Several automotive OEMs are working toward commercializing autonomous vehicles, which is providing ample opportunities for machine learning chip manufacturers to tap into the untapped potential of the market. The integration of advanced human-machine interface (HMI) technologies, along with developments in wired and wireless communication technologies for automotive applications, is expected to have a positive impact on the growth of the market in North America during the forecast period.

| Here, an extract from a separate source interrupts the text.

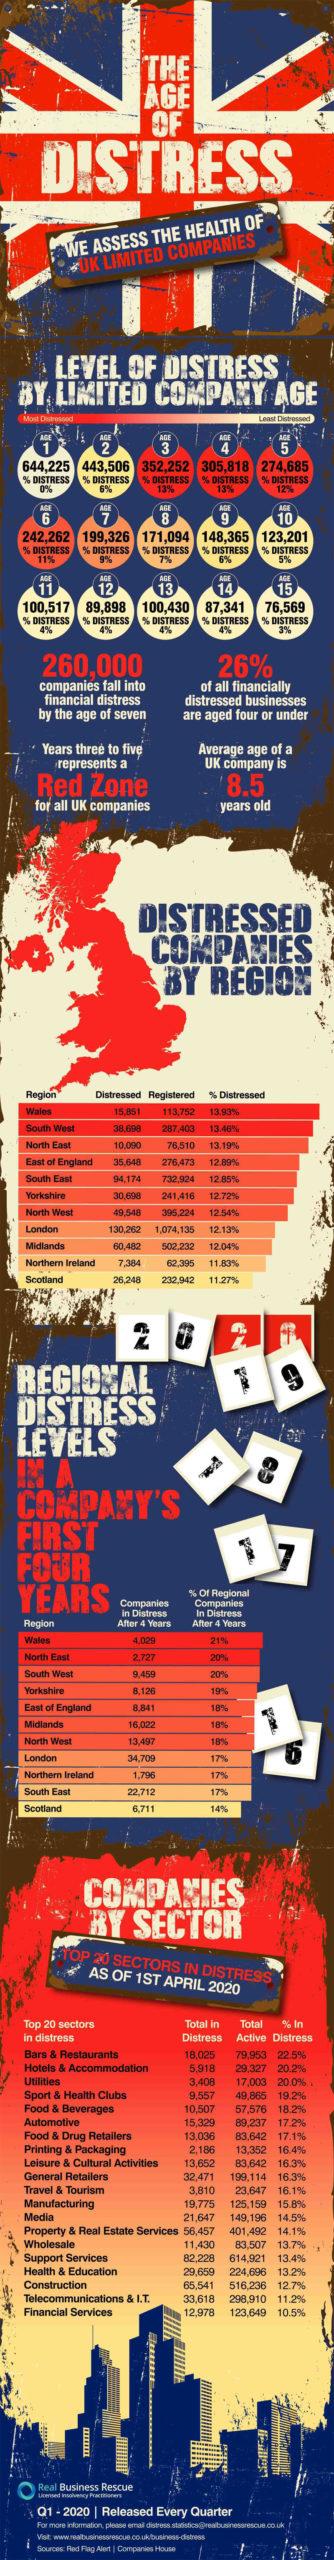 uk company distress q1 2020 infographic

The Machine Learning Chips Market is experiencing remarkable growth driven by various factors. These include the integration of Artificial Intelligence (AI) and deep learning algorithms, facilitating applications like cybersecurity and fraud detection systems. This growth is further propelled by advancements in System-on-Chip (SoC) and multi-chip module technologies. Additionally, the market benefits from the increasing demand for big data analytics and cloud computing solutions. Integration with the Internet of Things (IoT) and vertical-specific solutions enhance its utility across diverse sectors. However, challenges persist due to cybersecurity threats and the global chip shortage. Yet, innovations like Explainable AI (XAI) and federated learning promise to address these concerns, ensuring continued market expansion. Our researchers analyzed the data with 2022 as the base year, along with the key drivers, trends, and challenges. A holistic analysis of drivers will help companies refine their marketing strategies to gain a competitive advantage.
The global market is experiencing robust growth driven by the adoption of machine learning chips in autonomous vehicles. Automotive companies recognize the pivotal role of these chips in achieving high levels of vehicle automation, fueling increased demand in this sector. With sensors, cameras, radar, LIDAR, and ultrasonic instruments generating vast amounts of data, these processors analyze the information to make split-second decisions on the road. Machine learning chips enable advanced features like ADAS, intuitive user interfaces, and automotive cloud services, offering advantages such as object recognition, reduced power consumption, and improved perception. This trend presents lucrative opportunities for vendors to expand their market presence and revenue streams.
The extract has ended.